Fr., 16.08.2019

Senne: Schlangen 4.0 ärgert angebliche Tatenlosigkeit – Vieregge kontert »Von der Politik im Stich gelassen«

Hier geht’s nicht weiter: Der Truppenübungsplatz Senne ist für den Durchgangsverkehr nur begrenzt geöffnet. Das Bild zeigt die Sennestraße in Hövelhof.

Hier geht’s nicht weiter: Der Truppenübungsplatz Senne ist für den Durchgangsverkehr nur begrenzt geöffnet. Das Bild zeigt die Sennestraße in Hövelhof. Foto: Jörn Hannemann

Von Sonja Möller

Schlangen/Paderborn (WB). Henning Schwarze von der privaten Initiative Schlangen 4.0 ist stinksauer: »Ich bin grundweg enttäuscht von der Politik. Der Wunsch der Bevölkerung für eine verbindliche Öffnung der Senne stößt auf taube Ohren.« Besonders ärgere ihn die Mitteilung der CDU-Bundestagsabgeordneten Kerstin Vieregge nach ihrem Besuch des Truppenübungsplatzes Senne.

Auf Vieregges Internetseite steht ein Bericht über ihren Besuch des Truppenübungsplatzes Senne. Darin wird gesagt, sie sei erfreut darüber, dass die Senne weiter intensiv und vermehrt militärisch genutzt werde. Schlangen 4.0 ärgert diese Aussage. Henning Schwarze sagt auf Anfrage dieser Zeitung: »Das heißt ja nichts anderes, als dass die Senne 50 Wochen im Jahr geschlossen wird.«

In einer Pressemitteilung macht Schlangen 4.0 ihren Standpunkt deutlich: »Was in Militärkreisen ›konstante Übungstätigkeit‹ genannt wird, bedeutet für die Bevölkerung in den Anrainerkommunen tiefe Einschnitte in die Lebensqualität und für regionale Unternehmen finanzielle Einbußen.« Von 2020 an sei im Rahmen des neuen Nutzungskonzeptes für den Truppenübungsplatz Senne mit ganzjährigem Übungsbetrieb zu rechnen. Damit einher gingen gravierende Einschränkungen der Zugänglichkeit der Senne und zunehmende Belästigungen durch Manövertätigkeiten in der Region.
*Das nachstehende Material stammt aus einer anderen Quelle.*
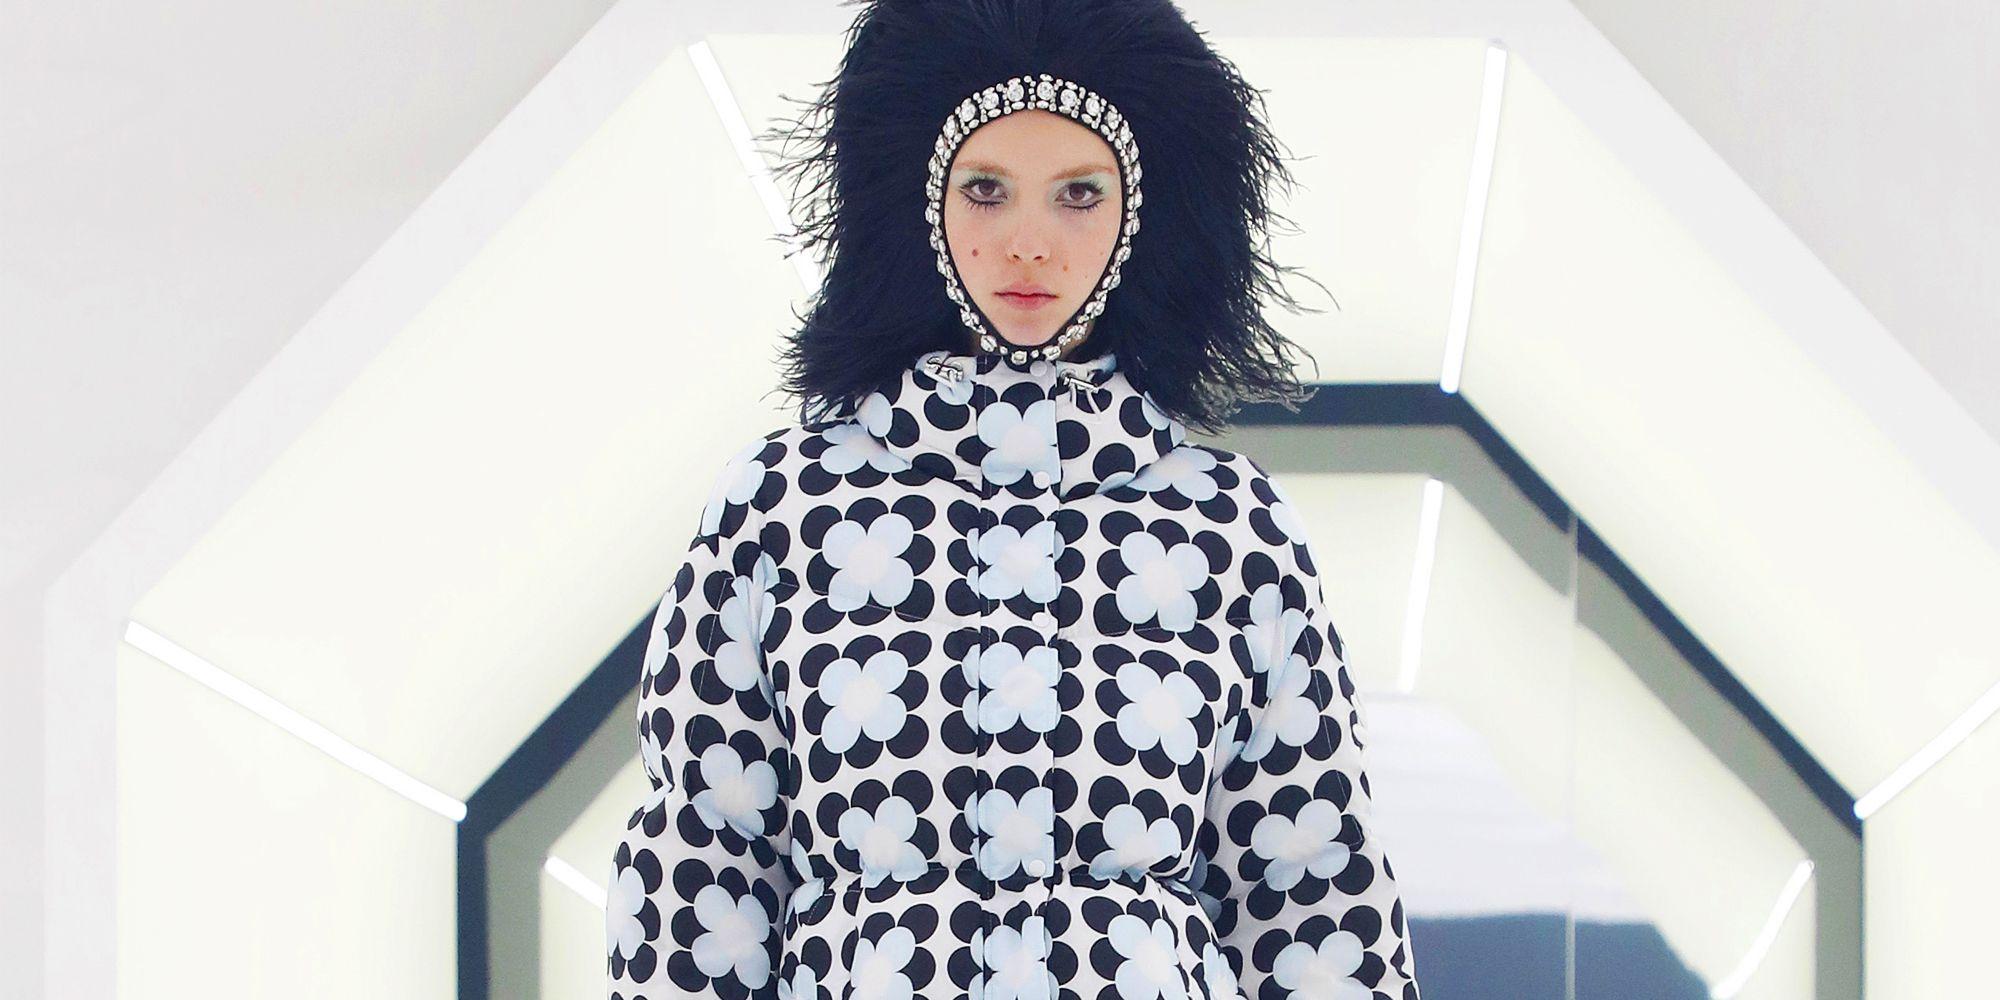 Piumini moda 2020 2021: Moncler Genius tendenza Autunno Inverno

Dies habe auch Kerstin Vieregge nach einem Besuch der British Forces Germany am Standort Sennelager auf ihrer Internetseite bestätigt, betont Schwarze. Zum Bedauern von Schlangen 4.0 zeige sie sich darin sogar erfreut über die intensive Nutzung des Truppenübungsplatzes. »Dabei sind Vieregge und weitere Bundestagsabgeordnete erst vor wenigen Monaten mit den Sorgen der Bürger sowie örtlicher Unternehmen hinsichtlich der Senne-Pläne konfrontiert worden. Von der seinerzeit versprochenen Unterstützung ist aber weit und breit nichts zu sehen«, sagt Henning Schwarze. Eher das Gegenteil sei der Fall: Die Pläne des britischen Militärs, den Übungsbetrieb drastisch zu intensivieren, bekämen anscheinend große Unterstützung aus Berlin.
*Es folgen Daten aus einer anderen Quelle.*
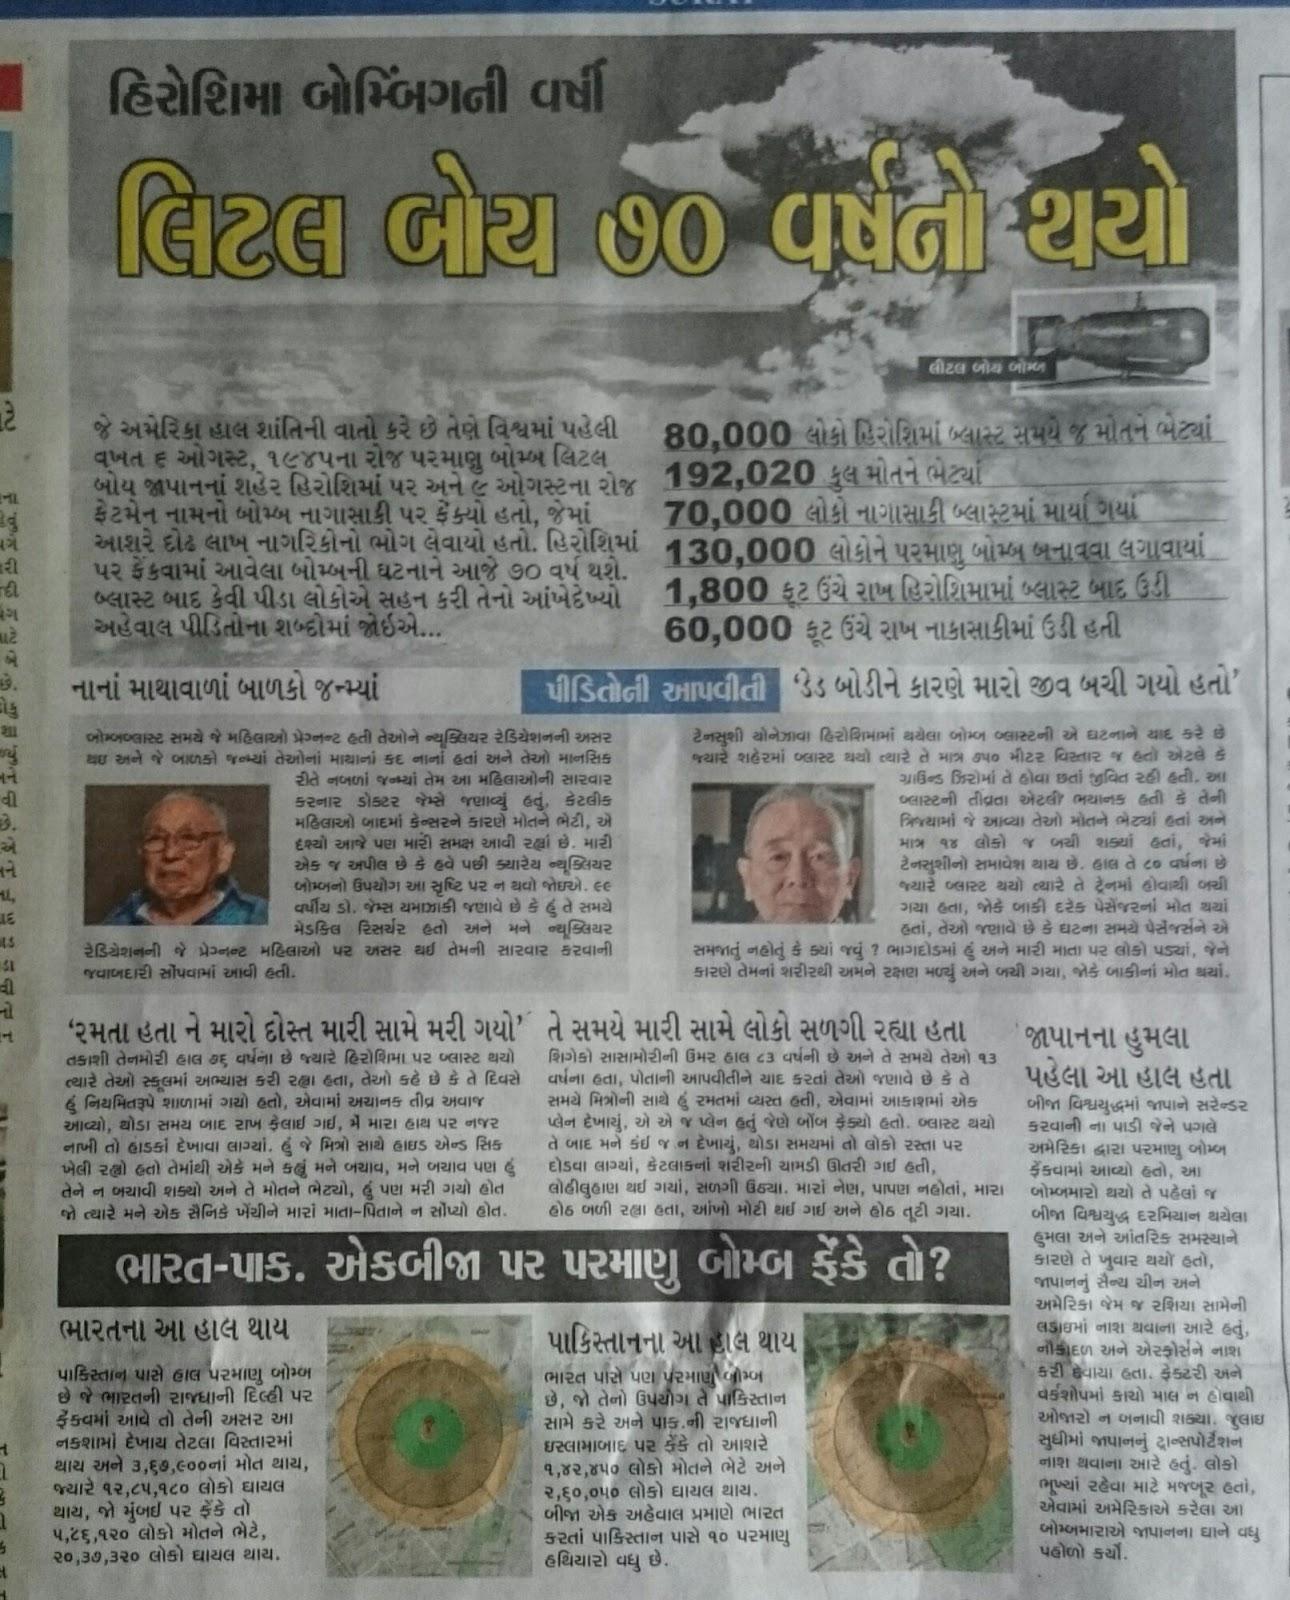 Nitin Pathak: hirosima nagasaki atom bomb

Auch von dPolitikern vor Ort enttäuscht

Auch von den Politikern vor Ort sind die Mitglieder von Schlangen 4.0 enttäuscht: »Während innerhalb der Bevölkerung großer Unmut und Besorgnis herrschen, schweigen Stadt- und Gemeinderäte in der Senneregion zu dem Thema. Für uns ist das in keiner Weise nachvollziehbar, denn die Verantwortlichen in der Politik setzen die Zukunftsfähigkeit einer ganzen Region leichtfertig aufs Spiel.« Offensichtlich fehle es Vertretern in der Bezirksregierung, den Kreis- und Gemeindeverwaltungen sowie im zuständigen Arbeitskreis an Mut, sich gegen die Pläne der Briten zu stellen.

Aus Sicht von Schlangen 4.0 ist es notwendig, dass bei der Neugestaltung eines Nutzungskonzeptes für die Senne die Interessen der Bevölkerung entsprechend berücksichtigt würden: »Die Behörden und Gremien müssen dies transparent und offen erarbeiten. Über die Zukunft der Senne darf nicht im Hinterzimmer entschieden werden. Angesichts von Brexit und Abzug der Briten muss das gegenseitige Hofieren der deutsch-britischen Eliten ein Ende haben und die Interessen der Bevölkerung für die zukünftige Nutzung zielbestimmend sein.«

Auf Anfrage dieser Zeitung weist die CDU-Bundestagsabgeordnete Kerstin Vieregge die Kritik von Schlangen 4.0 zurück: »Ich war ja genau wegen der verlässlichen Öffnungszeiten der Senne bei den Briten. Das war das Kernthema des Treffens. Ich habe deutlich darauf hingewirkt, dass die Öffnungszeiten verlässlicher werden müssen«, betont sie.

Genau das sei ihr von Brigadier Richard Clements, Befehlshaber der britischen Streitkräfte in Deutschland, auch zugesichert worden: »Er sagte, dass die Öffnungszeiten sechs Wochen im Voraus veröffentlicht werden und zu 95 Prozent verlässlich sind«, betont Vieregge. Es gebe sogar eine App von einem privaten Anbieter, über die man die Sperrzeiten direkt aufs Smartphone bekomme.

Vieregge bestätigt, dass sie die höhere Auslastung begrüße

Vieregge bestätigte auf Anfrage, dass sie die höhere Auslastung des Truppenübungsplatzes natürlich begrüße: »Wir leben in einer wesentlich unruhigeren Welt als im Jahr 2000. Es müssen Übungsmöglichkeiten für unsere Truppen, aber auch für den Nato-Verbund gegeben sein, gemeinsam zu üben. Natürlich freut es mich, wenn die Deutsche Bundeswehr am Standort Augustdorf verbindlich zehn Wochen vor Ort üben kann und nicht auf umliegende Truppenübungsplätze ausweichen muss«, betont Vieregge.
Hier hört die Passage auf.